My family is affected by the AEC Syndrome, formerly called Hay Wells Syndrome. AEC syndrome is short for anklyloblepharon-ectodermal dysplasia-cleft lip and palate syndrome. It is one of several ectodermal dysplasia (ED) syndromes that affect ectoderm as well as structures that do not derive from the ectoderm. While this particular syndrome is extremely rare, there are six cases in my family. My sister, Denyse, and I are both affected, as are our children: Dyllan, Danielle, Delores (Denyse’s kids), and Mister (my son).
Delores at birth. She had a bilateral (both sides) cleft lip and cleft palette.
Danielle, Me, Denyse, and Dyllan in 2003. Obviously, Denyse and I are bald. Dyllan had a cleft lip and palete, which has been repaired.
Delores in 2007. You can see her scalp erosions and cleft lip repair.
Mister in June 2008. You can see the scalp erosions in this picture.
Delores trying to hold Mister. She was 2 in the picture, he was about 7 months. She only outweighed him by a pound and a half.
Delores and Mister at his first birthday party. As you can see, they are buddies. Many kids affected by the Ectodermal Dysplasias struggle with Failure to Gain Weight. Delores is one of them. At two and a half, she is now a whopping 22 pounds 14 ounces. Mister, who just turned one, is 21 pounds 2 ounces.

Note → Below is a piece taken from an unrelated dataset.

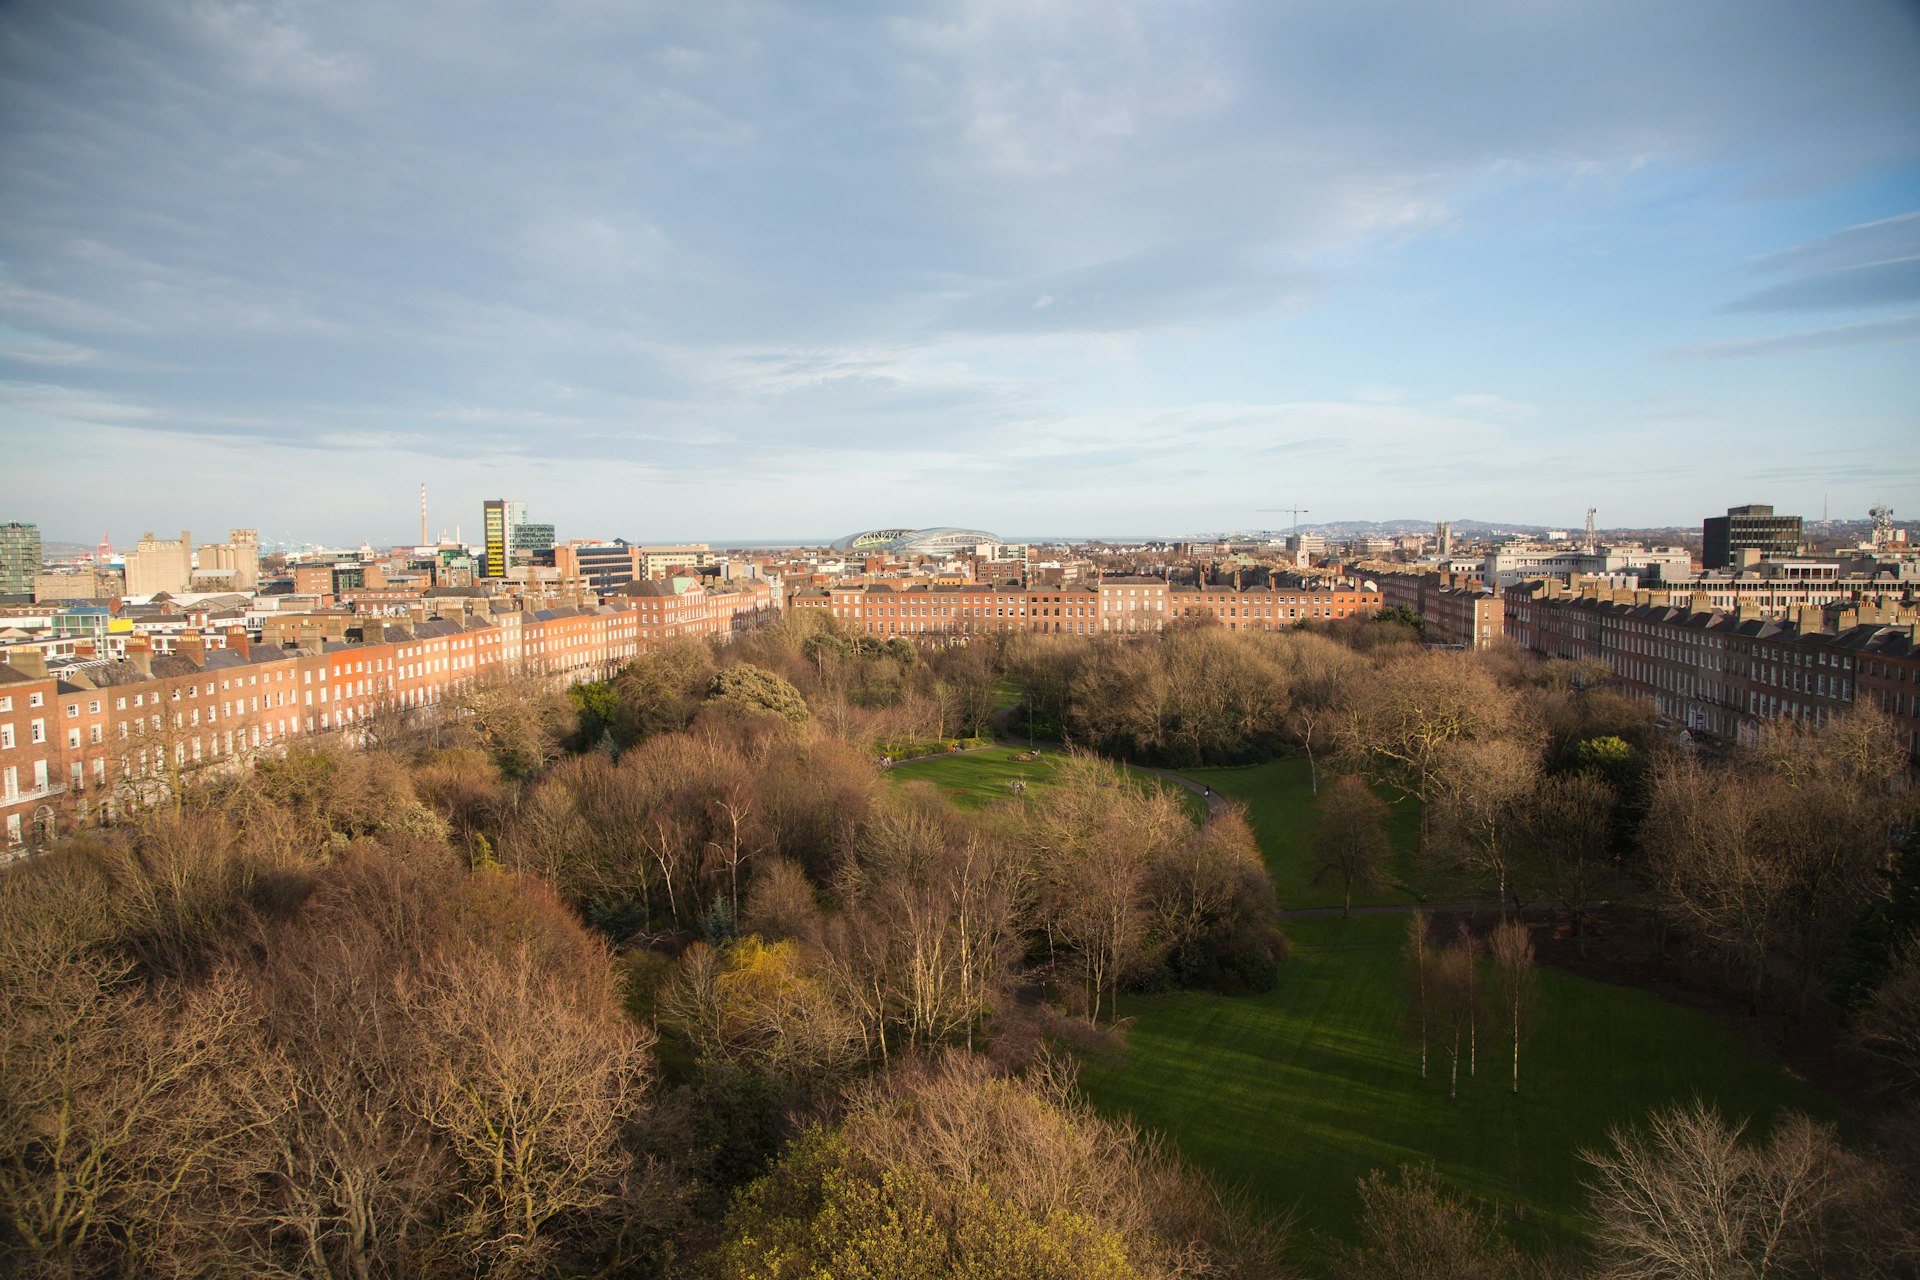 The skyline of Dublin from a viewpoint over Merrion Square

A couple of years ago, Dyllan, Danielle, Delores, and I were featured in a publication that is aimed at helping kids with ED be adopted when placed in orphanages due to their anomolies. Aren’t we cute?
(—please note, because the publication was distributed internationally, the spelling of Displasia appears different–)
Being affected by a rare disorder is challenging. Fortunately, we have the NFED. The National Foundation for Ectodermal Dysplasias is the authoritative resource for information on the ectodermal dysplasia syndromes. My family has been involved with the NFED since its inception in 1981, as we were among the few families that attended the very first family conference.
The NFED exists to help meet the needs of affected individuals and their families, and to help us find ways to lead a more normal life. What does that really look like?
The Treatment Assistance Program: the NFED provides financial assistance to families for their dental care, wigs, air conditioners, cooling vests or other medical care associated with ED.
The Research Program: the NFED has funded nearly $1 Million in research. In fact, the research that the NFED has helped fund is responsible for isolating the gene that causes the Hay Wells Syndrome (p63) as well as determining the cause of skin erosions in affected individuals. These breakthroughs offer hope for even more effective skin management!
Through the Annual Family Conference, the NFED gives affected individuals an opportunity to meet and network with other affected individuals as well as learn more about the disorder.
The NFED also has a newsletter, called the EDucator, which provides families with current information on research break throughs, treatment breakthroughs, and the like.
In addition to all of this, the NFED also has a scholarship program for affected individuals, to help them pursue college and/or career training. I personally received a scholarship from the NFED that helped me get through nursing school.
Because the NFED has been a part of my life for most of my life, they truly are like family!